Although Alexandra is physically healthy, she takes aspirin (acetylsalicylic acid) daily to prevent blood clots, and her mother lubricates her eyes every night because they become dry if she cannot close them. Additionally, because she has virtually no body fat, she becomes tired after running for a while, and her fragile bones limit her ability to bend her joints.

However, none of this stops her from playing with Àuria, Laia and Manuela, some of her best friends from school who she can no longer see as regularly. Alexandra comes in, goes out, socializes, laughs and has fun like any other child her age. In short, she normalizes her illness, which is reflected in “Una niña entre vente millones” (A Girl in 20 Million, 14 Euros), the book written about her by the journalist Quim Miró, which has sold more than two thousand copies and its profits were donated to various research projects on progeria, including that of Dr. Vicente Andrés at the Centro Nacional de Investigaciones Cardioculares (CNIC).
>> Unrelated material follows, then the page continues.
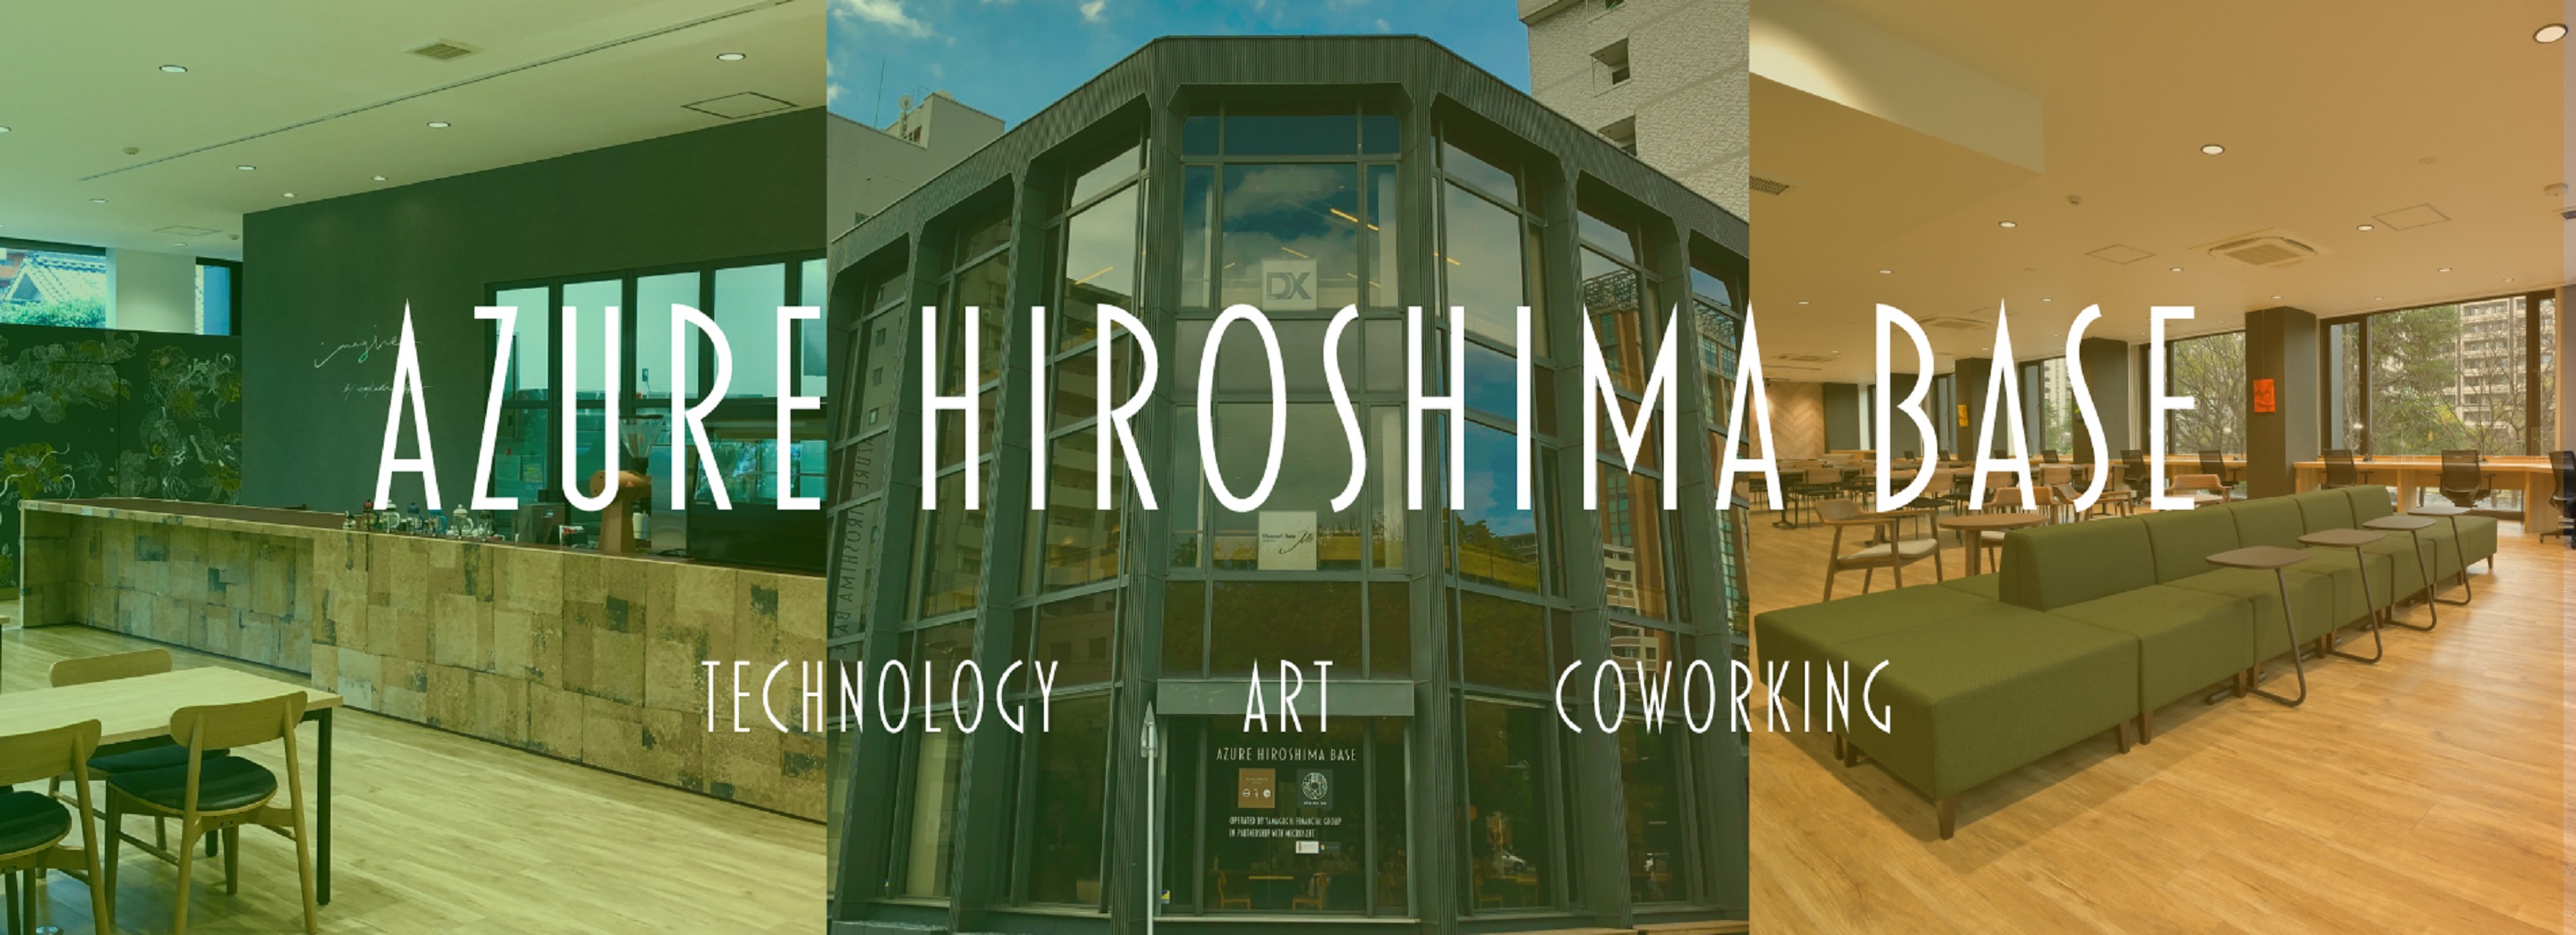 Azure Hiroshima Base | 広島市のコワーキングスペース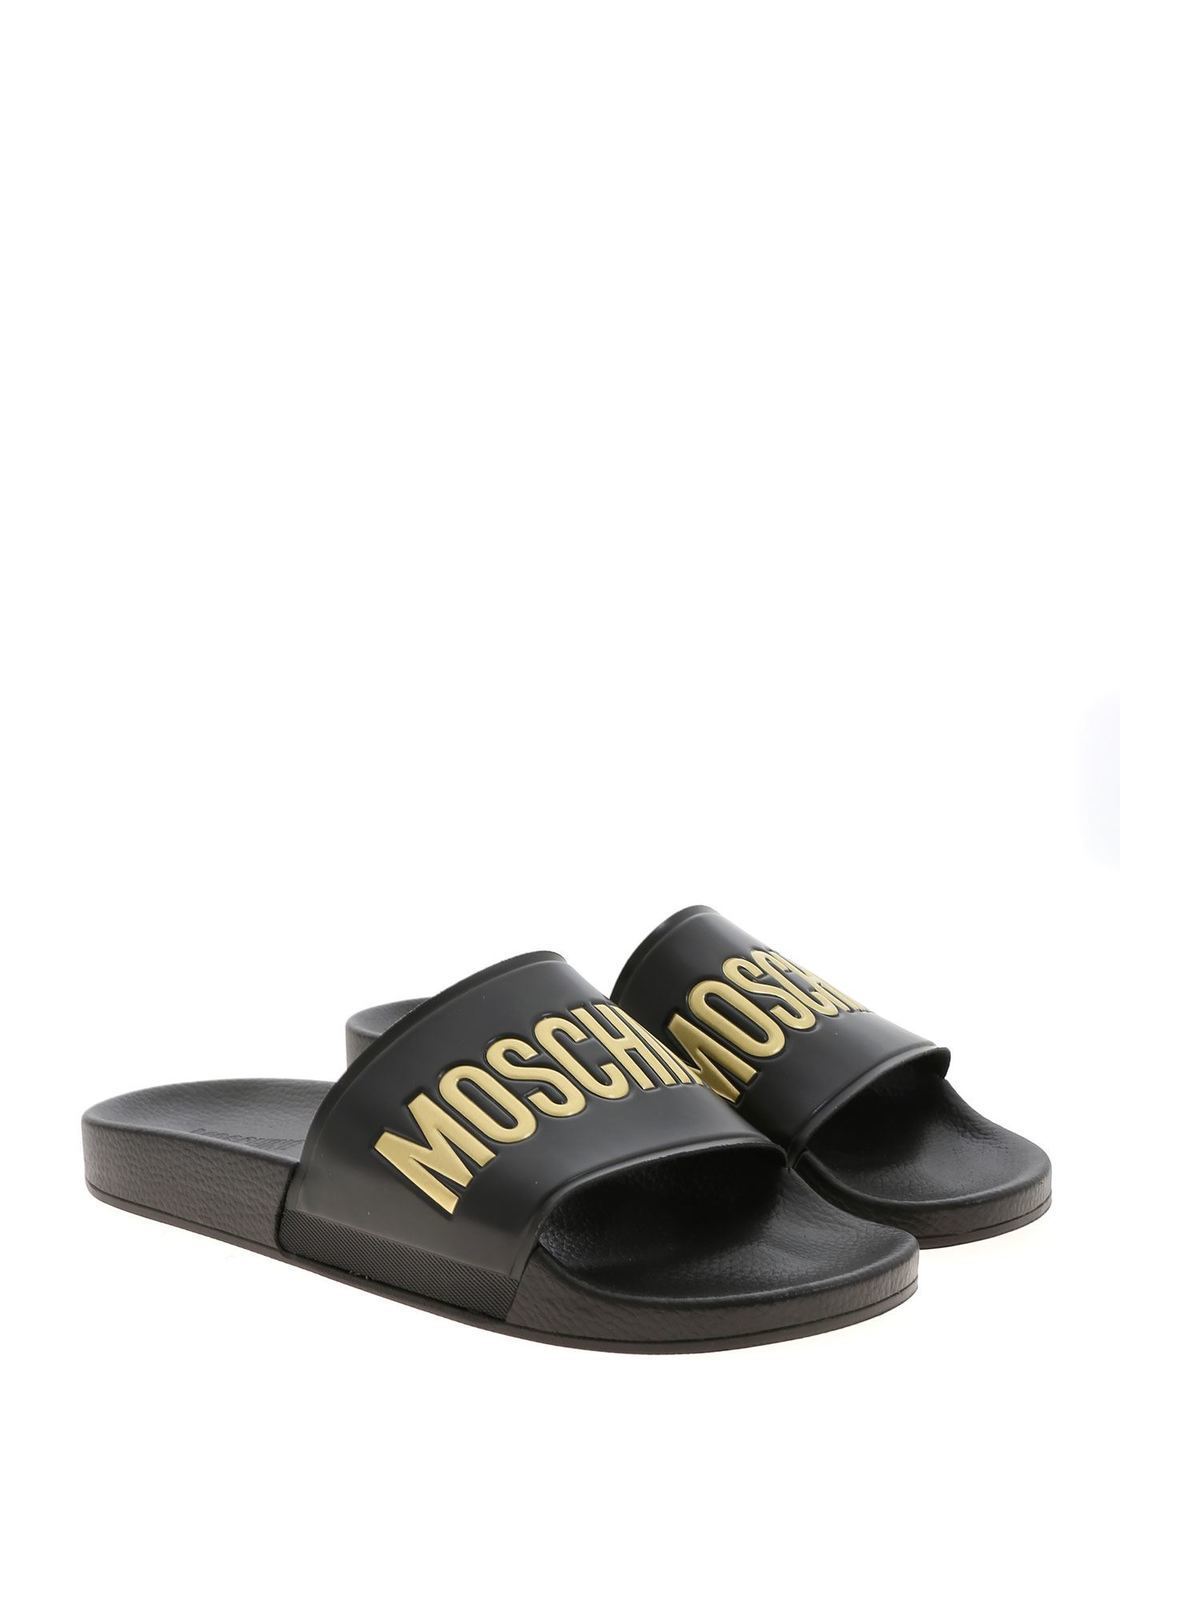 Moschino - Golden logo slippers in

Esther says that Alexandra is aware of her rare condition, “although there are other things that we will explain to her,” and that when she arrives at a place where there are children who do not know her, she When asked why she doesn’t have any hair, she answers firmly and without complexes: “Because I have an illness.” A big step towards making progeria more visible.

The other step, extending life expectancy, is something different. Research on mice, clinical trials on humans, a laboratory that dares to allocate money to develop a drug for just 154 children… “We know it is a long process. Do we have hope that a drug will come? Yes. Will.” Do you see it, Alexandra? Probably not. Time flies, but there is still a lot of life ahead of her, full of “beautiful and bright moments”.